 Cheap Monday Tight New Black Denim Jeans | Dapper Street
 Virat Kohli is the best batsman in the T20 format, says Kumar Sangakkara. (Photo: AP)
...
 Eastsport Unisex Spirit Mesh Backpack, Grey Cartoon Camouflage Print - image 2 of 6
--
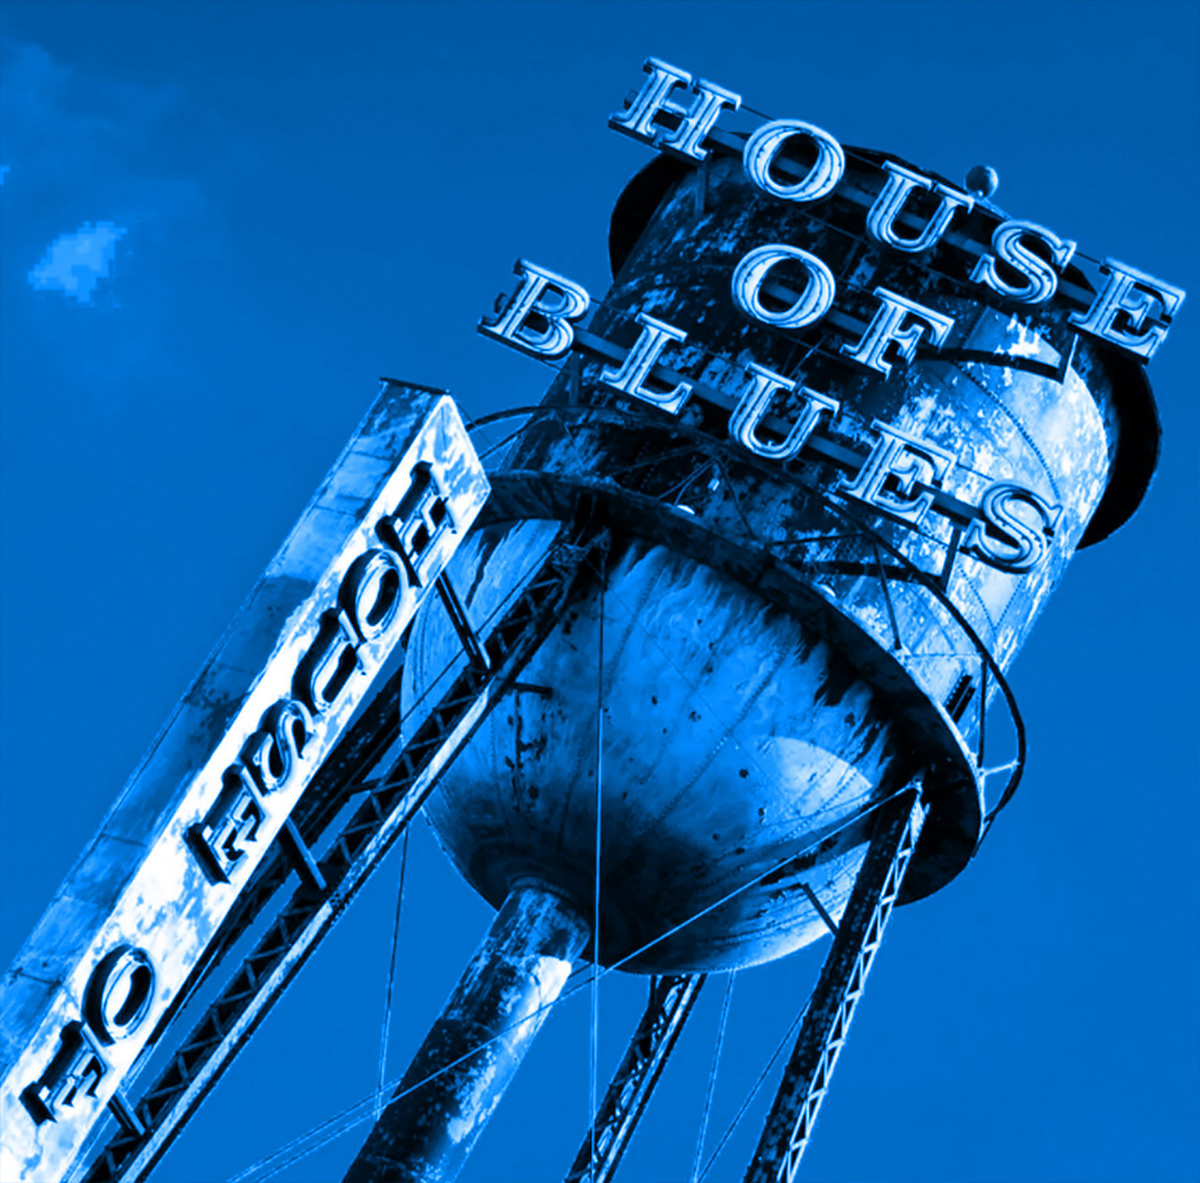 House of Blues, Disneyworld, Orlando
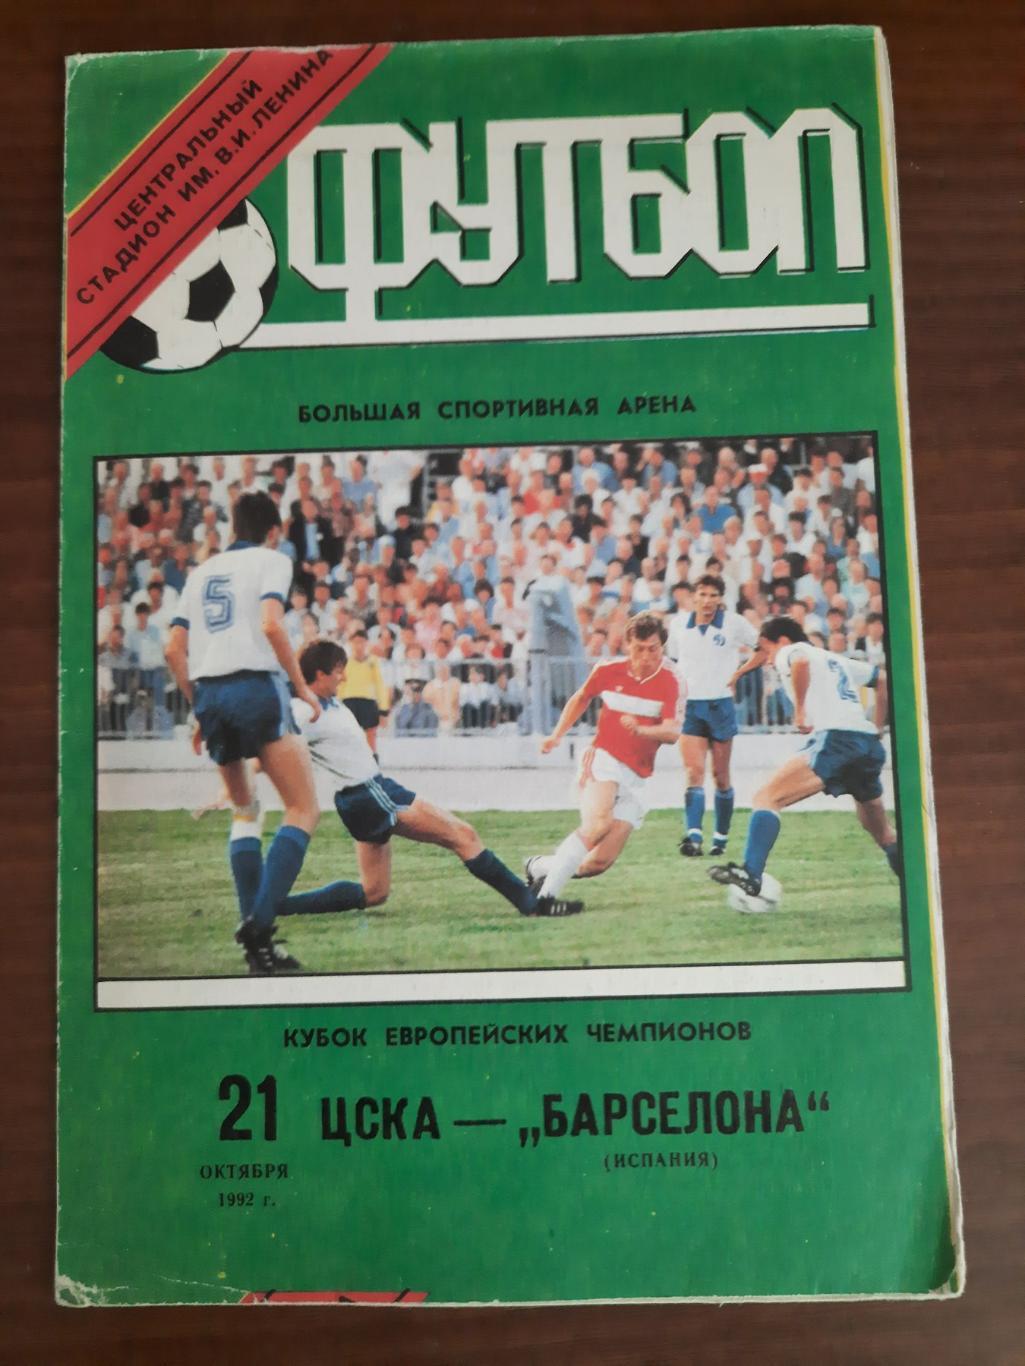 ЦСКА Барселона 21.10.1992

■ Required action: Using the data above, set down each line from the line with "House of Blues, Disneyworld, Orlando" to the line with "ЦСКА Барселона 21.10.1992" exactly, both ends included, and leave the pictures behind. Nothing else belongs.

■ Task result:
 House of Blues, Disneyworld, Orlando
 ЦСКА Барселона 21.10.1992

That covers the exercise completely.